We must remember it because in
Washington today, politicians and pundits breezily describe the Cold War as a
struggle between the forces of freedom, backed by the U.S., and the forces of
tyranny, backed by the USSR. In some places—Germany, Eastern Europe, eventually
Korea—that was largely true. But in South Africa, the Cold War was something
utterly different.
In South Africa, for decades, American
presidents backed apartheid in the name of anti-communism. Indeed, the language
of the Cold War proved so morally corrupting that in 1981, Reagan, without
irony, called South Africa’s
monstrous regime “essential to the free world.”
In South Africa, it was the Soviet
bloc—the same communist governments that were brutally repressing their own
people—that helped the ANC fight apartheid. In the 1980s, they were joined by
an American and European anti-apartheid movement willing to overlook the ANC’s
communist ties because they refused to see South Africa’s freedom struggle
through a Cold War lens.
At a time when men like Reagan and
Cheney were insisting that the most important thing about Mandela was where he
stood in the standoff between Washington and Moscow, millions of citizens
across the West insisted that the ANC could be Soviet-backed,
communist-influenced, and still lead a movement for freedom.

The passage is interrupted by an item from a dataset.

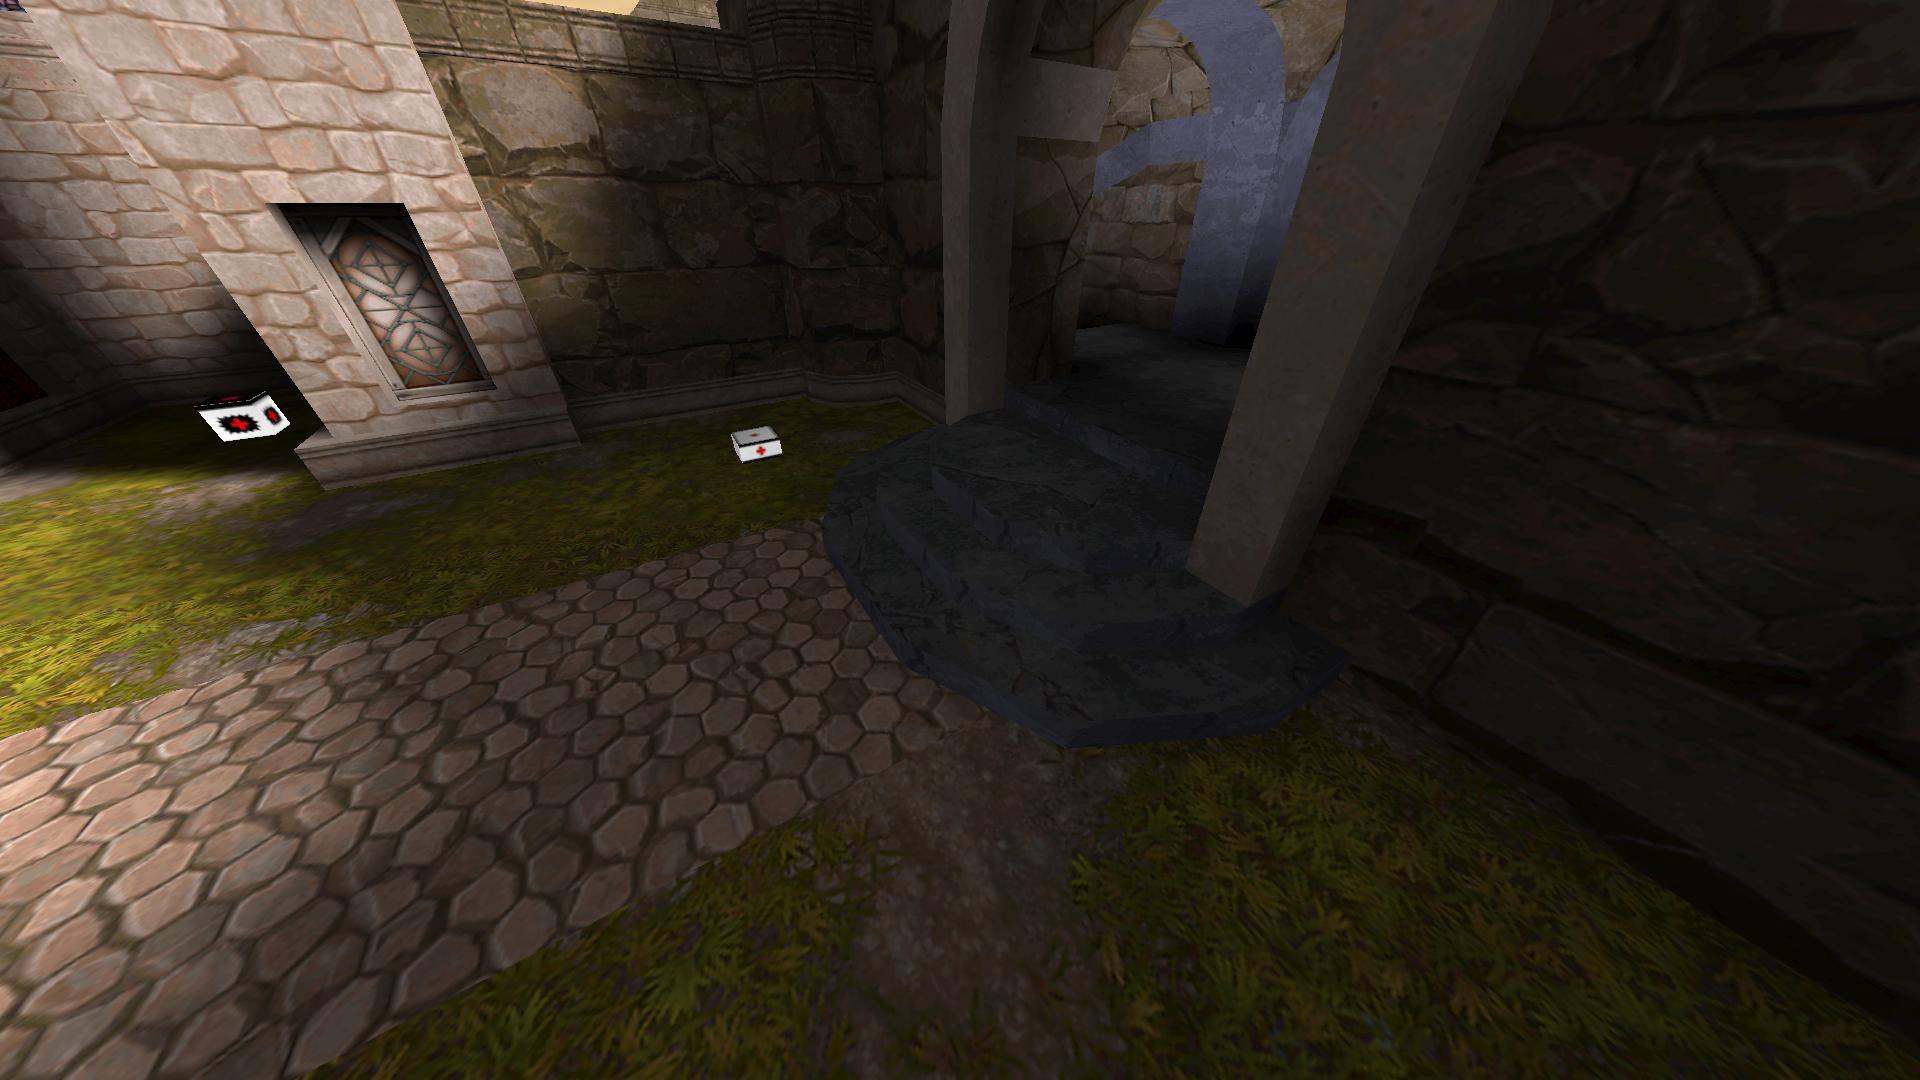 http://www.bandsalat.org/quake/an2/anwalk-stairs.jpg

They were right. When it came to other
countries, Mandela’s leftist ties did sometimes blind him to communism’s
crimes. In 1991, for instance, he called Fidel Castro “a source of inspiration
to all freedom-loving people.” But at home, where it mattered most, the ANC was
a genuine, multiracial movement for democracy. And so the Americans who best
championed South African freedom were the ones who didn’t view freedom as
synonymous with the geopolitical interests of the United States.
Therein lies Mandela’s real lesson for
Americans today. The Cold War is over, but mini-Cold Wars have followed. And
once again, American elites, especially on the right, have a bad habit of using
“freedom” as a euphemism for whatever serves American power.
Thus, American politicians frequently
suggest that by impoverishing the people of Iran with ever-harsher economic
sanctions, and threatening to bomb them, we are promoting their freedom, even
though the people risking their life for democracy in Iran—people like dissident
journalist Akbar Ganji and Nobel Prize winner Shirin
Ebadi—passionately
disagree.
Mandela challenged that. Like Martin
Luther King, who publicly repudiated Lyndon Johnson’s claim that Vietnam was a
war for democracy, Mandela rejected George W. Bush’s idealistic rationalizations
of the Iraq War. In 2003, when Bush was promising to
liberate Iraq’s people, Mandela said, “All that he wants is Iraqi oil.”
When Bush declared Iraq’s alleged
pursuit of nuclear weapons a threat to the planet, Mandela had the bad manners
to remind Bush that the only country to have actually
used nukes was the United States. Mandela’s message to America’s
leaders, born from firsthand experience, was clear: Don’t pretend you are pure.
As with King, it is this subversive
aspect of Mandela’s legacy that is most in danger of being erased as he enters
America’s pantheon of sanitized moral icons. But it is precisely the aspect
that Americans most badly need. American power and human freedom are two very
different things. Sometimes they intersect; sometimes they do not. Walking in
Nelson Mandela’s footsteps requires being able to tell the difference.